7. It is a settled position of law that revision is not a right and it cannot at all be equated to the right of appeal therefore, failure to invoke revisional jurisdiction or avail of the remedy of revision, by itself, would not disentitle a party aggrieved to invoke the jurisdiction of this court under articles 226 and 227 of the Constitution; nor is such failure a bar to exercise of jurisdiction under articles 226 and 227 of the Constitution. The delay in approaching this court, in a matter where there is no authority vested in the assessing authority to levy penal interest, by itself, is not a ground to deny relief under articles 226 and 227. No doubt, the assessee has approached this court after a lapse of about two years, but the delay of two years in the facts and circumstances of the case, when the authority has no jurisdiction at all to levy penal interest to the tune of Rs. 3,88,509, would not be a ground to deny relief. Similarly, the conduct of the assessee in not co-operating with the Department in the matter of reassessment also cannot be made a ground to deny the relief, because the unacceptable or unreasonable conduct of the assessee will not in any way confer jurisdiction upon the authority to pass an order levying penal interest. Therefore, we are of the view that the contention urged on behalf of the Department that the assessee is guilty of laches and has not availed of the remedy of revision and her conduct has not been worthy of acceptance during the period of reassessment proceedings as she failed to co-operate with the Department would not be sufficient to deny the relief to the assessee, as the assessing authority has exercise jurisdiction, not vested in it, in imposing the penal interest.
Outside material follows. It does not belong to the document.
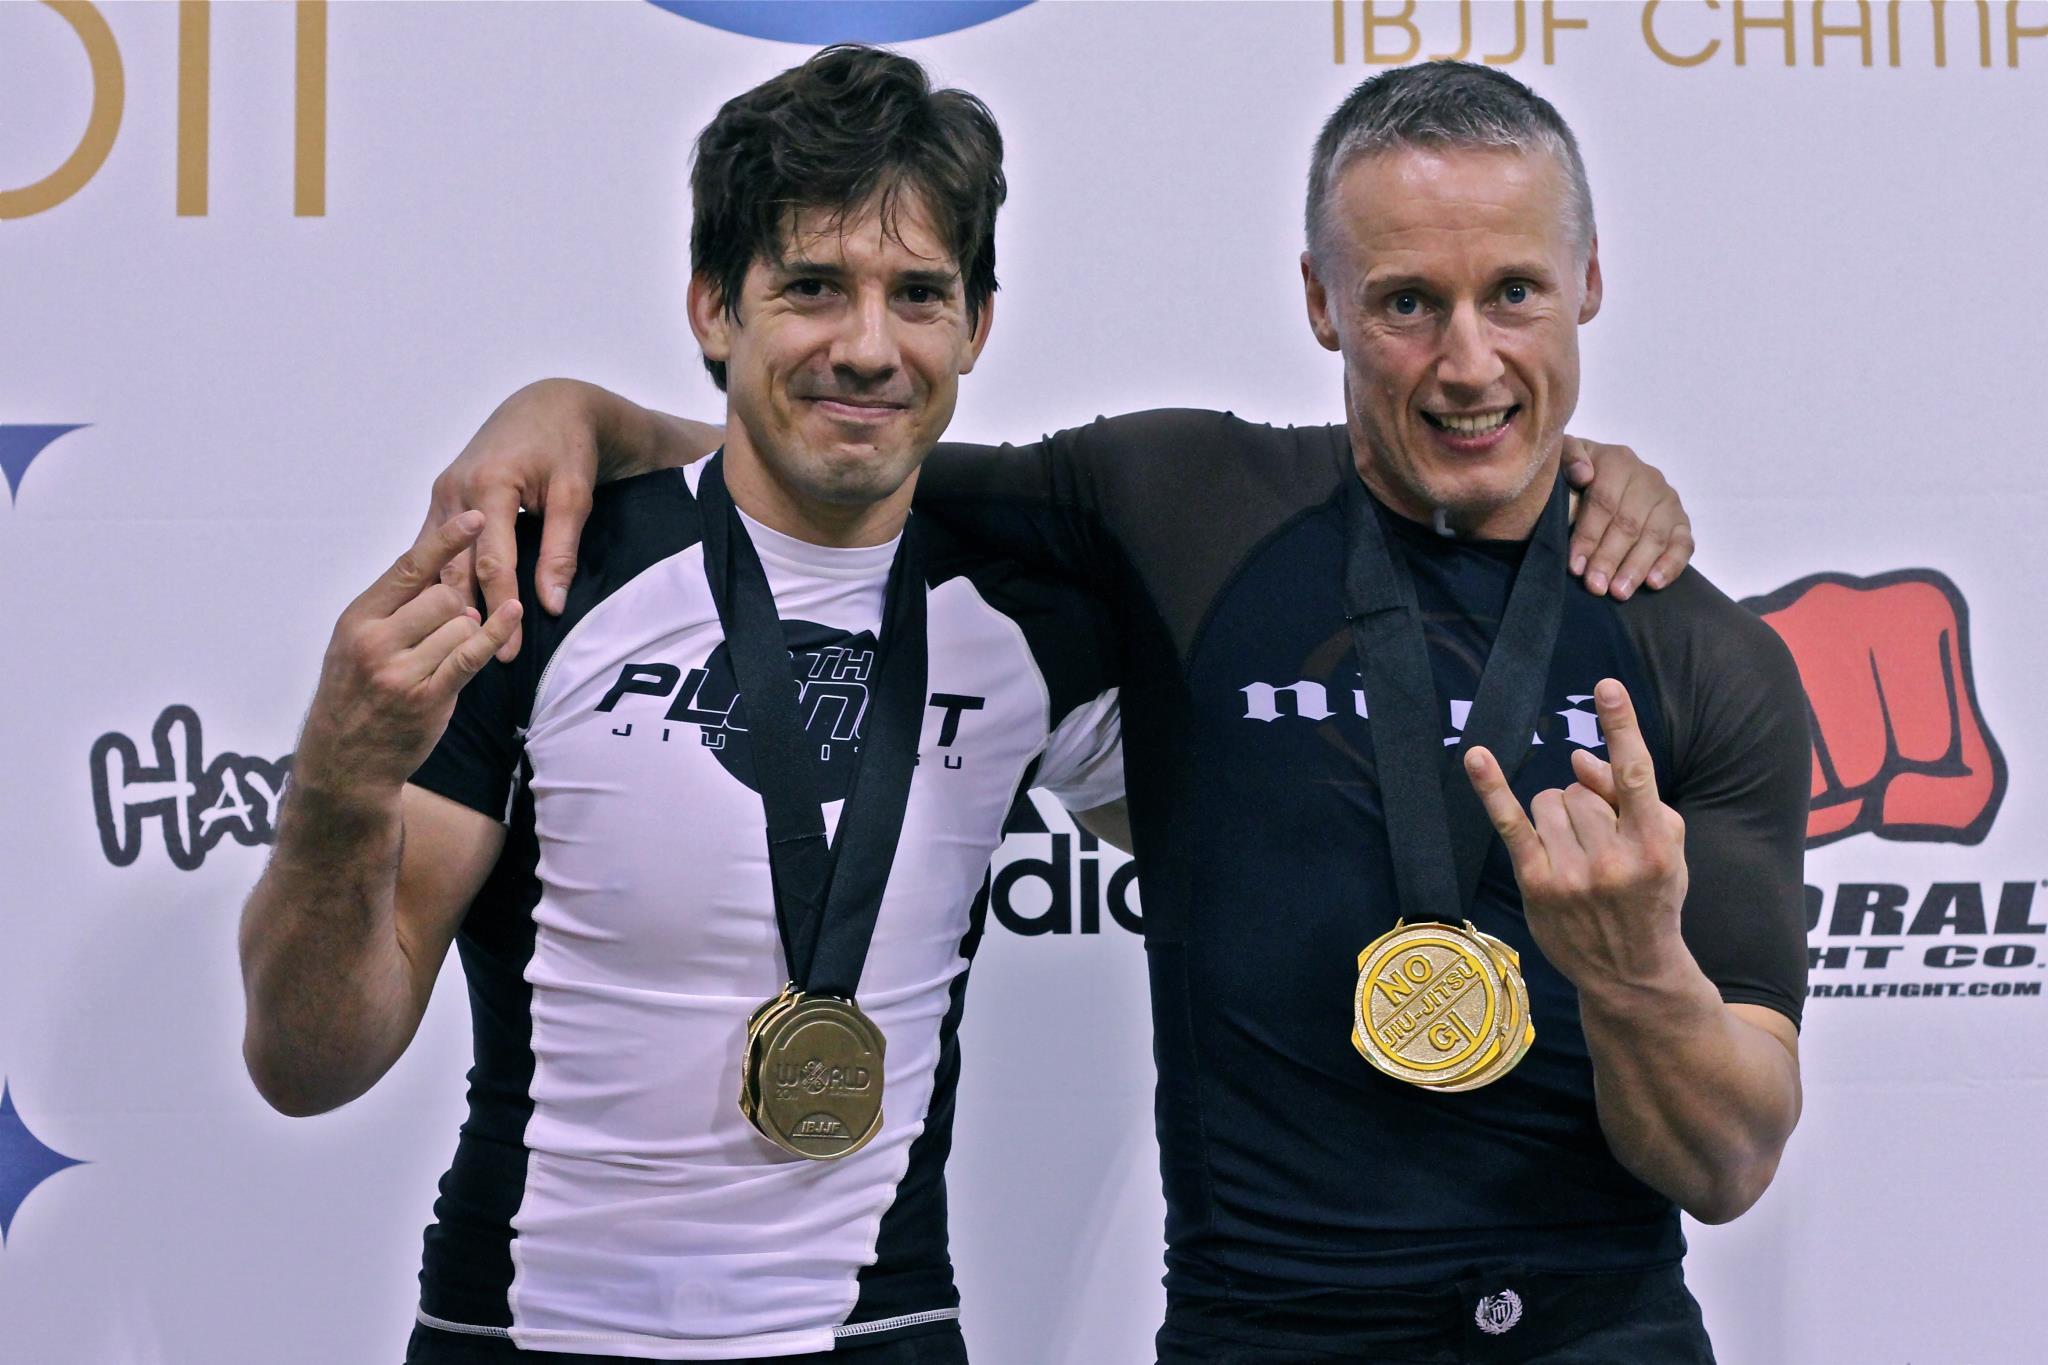 2011-nogi-world-champ.jpg

8. For the reason stated above, these appeals are allowed. The order dated November 30, 1990, passed by the Assistant Commissioner of Income-tax (Investigation), Circle IV (1), Bangalore, for the assessment year 1984-85 produced as annexure 'A' in the writ petition, in so far it imposes the penal interest amounting to Rs. 3,88,509, is quashed. In other respects, the said order is not disturbed.

9. The submission made by Sri Raghavendra Rao, learned counsel for the Department, that unless the application filed as per rule 11 of Schedule II of the Act is decided, the authorities will not proceed with the auction is placed on record. In view of this, it is not necessary to quash the sale proclamation notification because the validity of the same will have to be considered under rule 11 of Schedule II of the Act. We also further make it clear that the attachment effected by the authority is not, in any way, disturbed.